We stood in silence for a moment.
The tuxedo man went to his truck for a shovel. Mabel said to Luc, "You know, you should come to our next ghost hunt. They're pretty exciting."
"I'll think about it," Luc said. "How was last night?"
"Nice and quiet. Couldn't have asked for anything better."
The punk kid shook his hair out of his face. "It's quiet until Mary starts talking to the tombstones."
"Someone has to keep them company," the beaded lady said. "Can you imagine spending all of eternity with no one to talk to? Their longing must be inescapable."
"At least none of them got up this time."
Luc jerked his head up. He'd had his eye on the shoe. "This time?"
Just then, the old man in the tuxedo returned. "All right, let's get this started."
"Hang on," Luc said, "you think that church is going to be okay with us digging like this?"
"I'm the pastor, so they better be."
Luc said no more, and let the tuxedoed pastor dig.
They lowered the shoe into the hole, the pastor and the beaded lady each said a prayer, and that was that.
Mabel stretched. "All right, time for bed!

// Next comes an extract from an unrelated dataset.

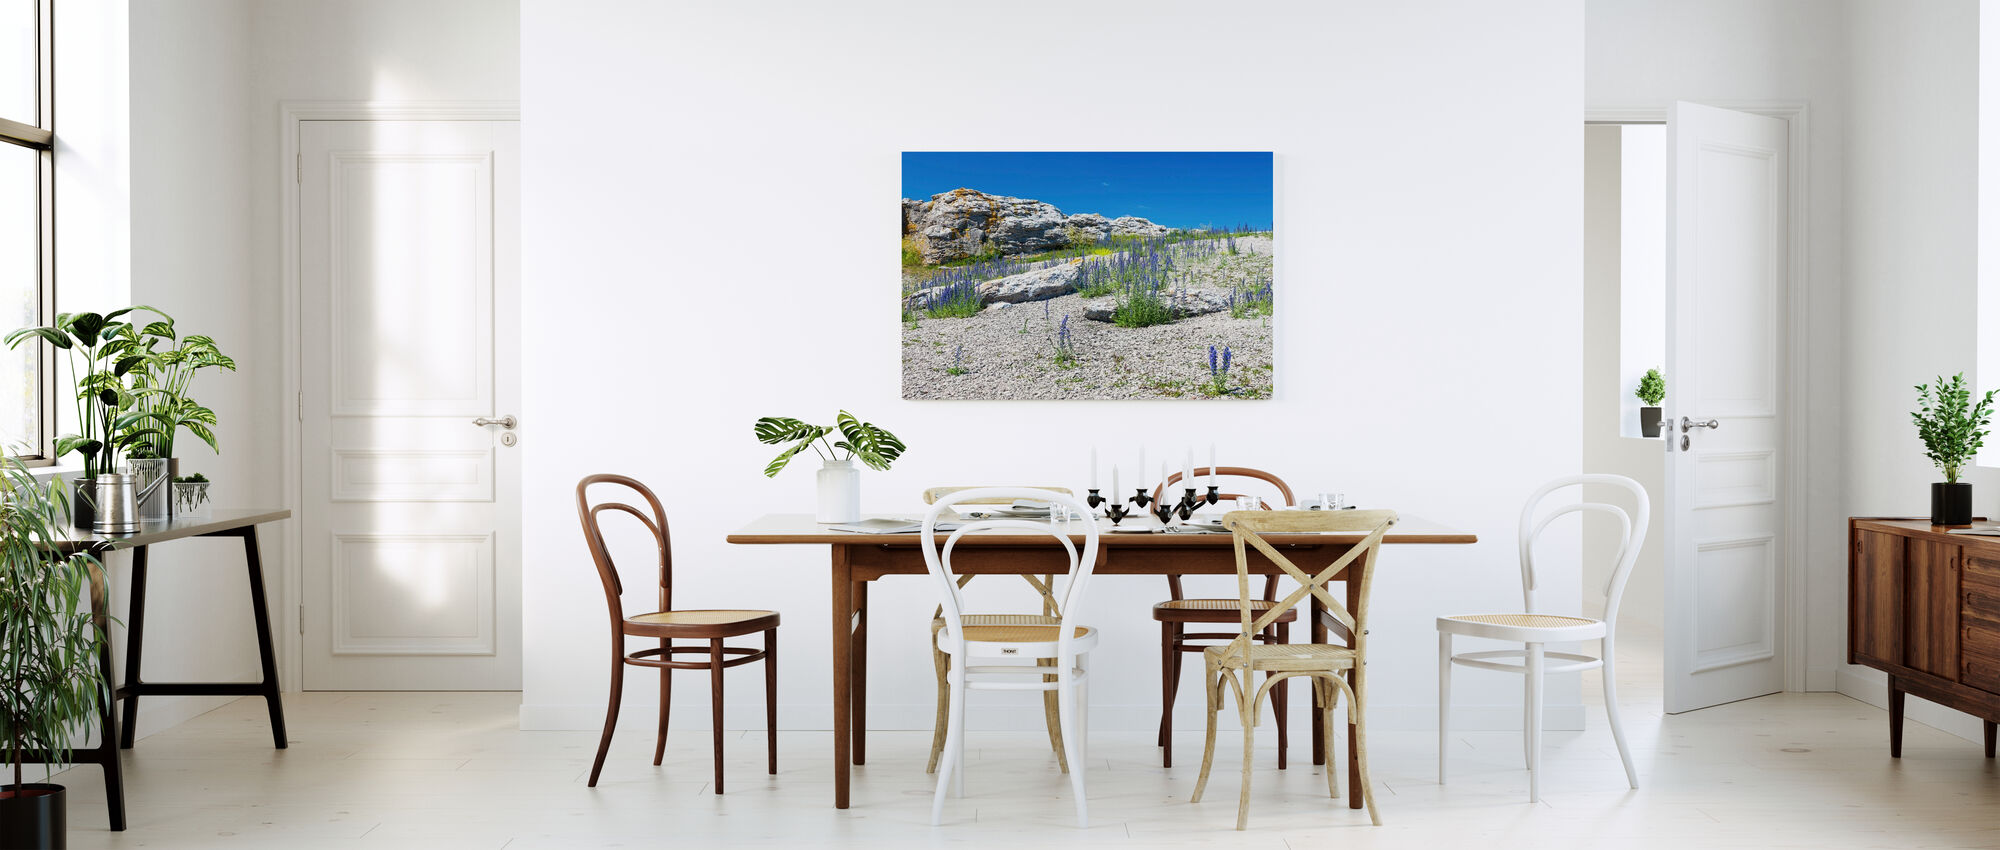 Rock Landscape in Gotland - Canvas print - Kitchen

I got a late shift tonight, and I'll need all the rest I can get."
Pete clapped Luc on the shoulder. "Let's get to work on that tire, all right?"
So Luc and Pete worked together to change the tire while the rest of the Paranormal Society scattered.
Mary, the beaded lady, passed him an address for their Facebook page. The punk kid complimented Luc's Slayer bumper sticker. Finally, Luc had the spare on, and said goodbye to Pete.
He thought about that incident the rest of the day, how he buried a mouse named Tuffy in a Baptist graveyard with the Paranormal Society. Sometimes Mary's words rattled in his mind, about the inescapable longing of the dead. Working in the office all day, he often felt trapped in a box, desperate to get out. Maybe it was time to break out of the grove society had dug for him, and at the very least find out whose corpse got up when.
That weekend, he drove to that church, and joined the Smith Paranormal Society on their ghost hunt.